Re: [R] add vectors to multiple objects

[John linux-user]

Hi David,

Thanks for response, but my key question still remains unsolved. That is, how 
to add many vectors (L1,L2,L3....) to many list objects (a.list, 
b.list....) in a workspace? 


listObjects=ls(pattern=".list") #for example,  a.list, b.list...

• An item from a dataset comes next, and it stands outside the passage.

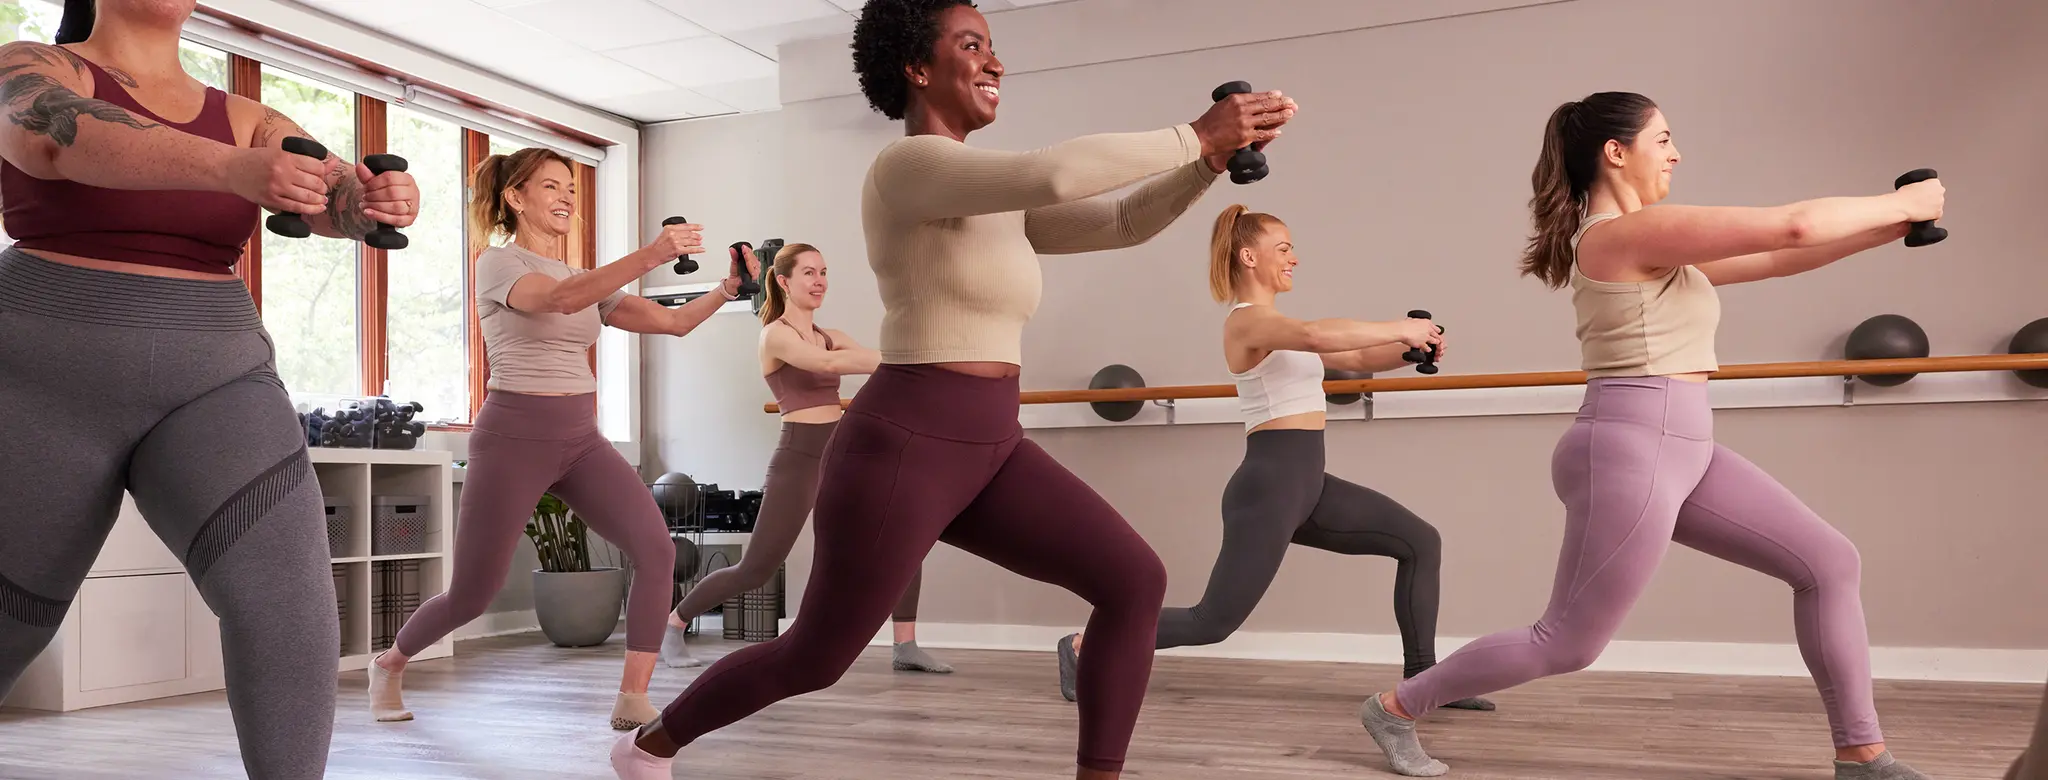 full barre class doing exercises with weights
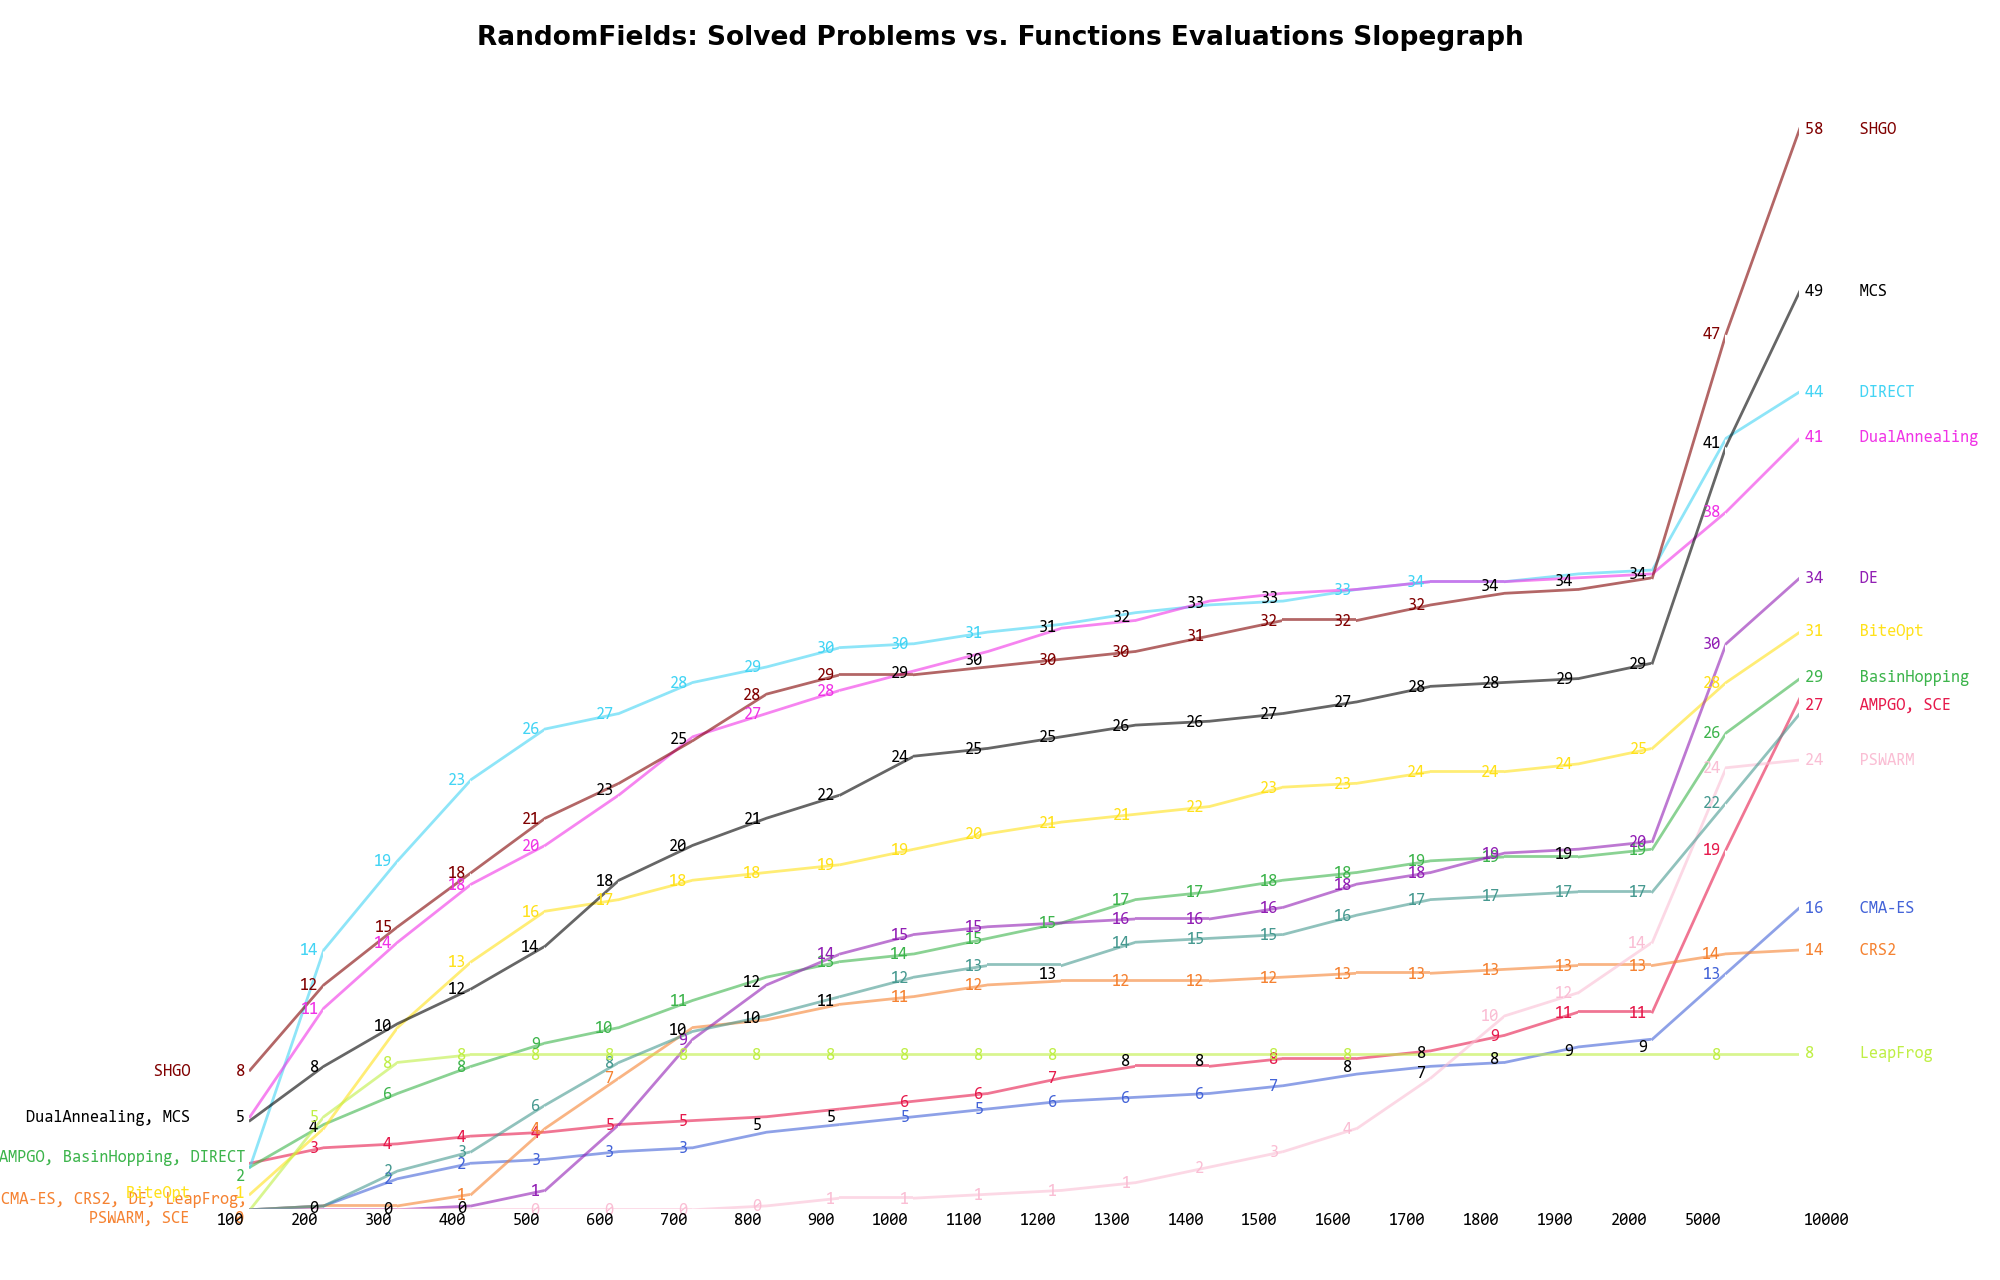 Percentage of problems solved given a fixed number of function evaluations on the RandomFields test suite

for (object in listObjects){

#how to sign vectors L1,L2,..Ln to each object (a.list, b.list...)



}


Any suggestions/comments/ideas will be appreciated.

John




________________________________
 From: David Winsemius <dwinsem...@comcast.net>

Cc: "r-help@r-project.org" <r-help@r-project.org> 
Sent: Wednesday, August 1, 2012 7:21 PM
Subject: Re: [R] add vectors to multiple objects


On Aug 1, 2012, at 8:11 AM, John linux-user wrote:

> Hi everyone,
> 
> I try to add many vectors (L1,L2,L3....) to many list objects (a.list, 
> b.list....) in a workspace. Somethings like below, but it is not working. Any 
> suggestions will be appreciated. Best, John
> 
> lf=ls(pattern=".lst")
> 
>  for (x in listfiles) {
>     dat=read.delim(x,header=F)

Presumably that would fail since 'listfiles' has not been defined. did you mean 
'lf'? If you did,then wouldn't the second line overwrite all the early values 
of "dat" leaving only the last one?

Perhaps:
  datfils <- list()
  for (x in listfiles) {
    datfils[x] <- read.delim(x,header=F)


> 
>     for (i in 1: lf) {

And that would fail because 'lf' is a character vector, and it's not meaningful 
to specify such a range. Try instead:

     for (i in names(datfils[x]) ) {
#
# which will then iterate over the names of the files which are now also the 
names of the list elements

>     assign(i$add,as.numeric(dat[,3]))

But since 'i' is a length-1 character vector, the expression `i$add` will be 
meaningless. The "$" operator does not do function calling in R unless you do 
fancy things with environments, and you cannot "sub-assign" in that manner, at 
least not with the assign() function.

Try instead:

    assign(i, as.numeric(datfils[x][,3]))
    names(i)[length(i)] <- "add"

Or:
     i <- transform(i, add=datfils[x][,3] )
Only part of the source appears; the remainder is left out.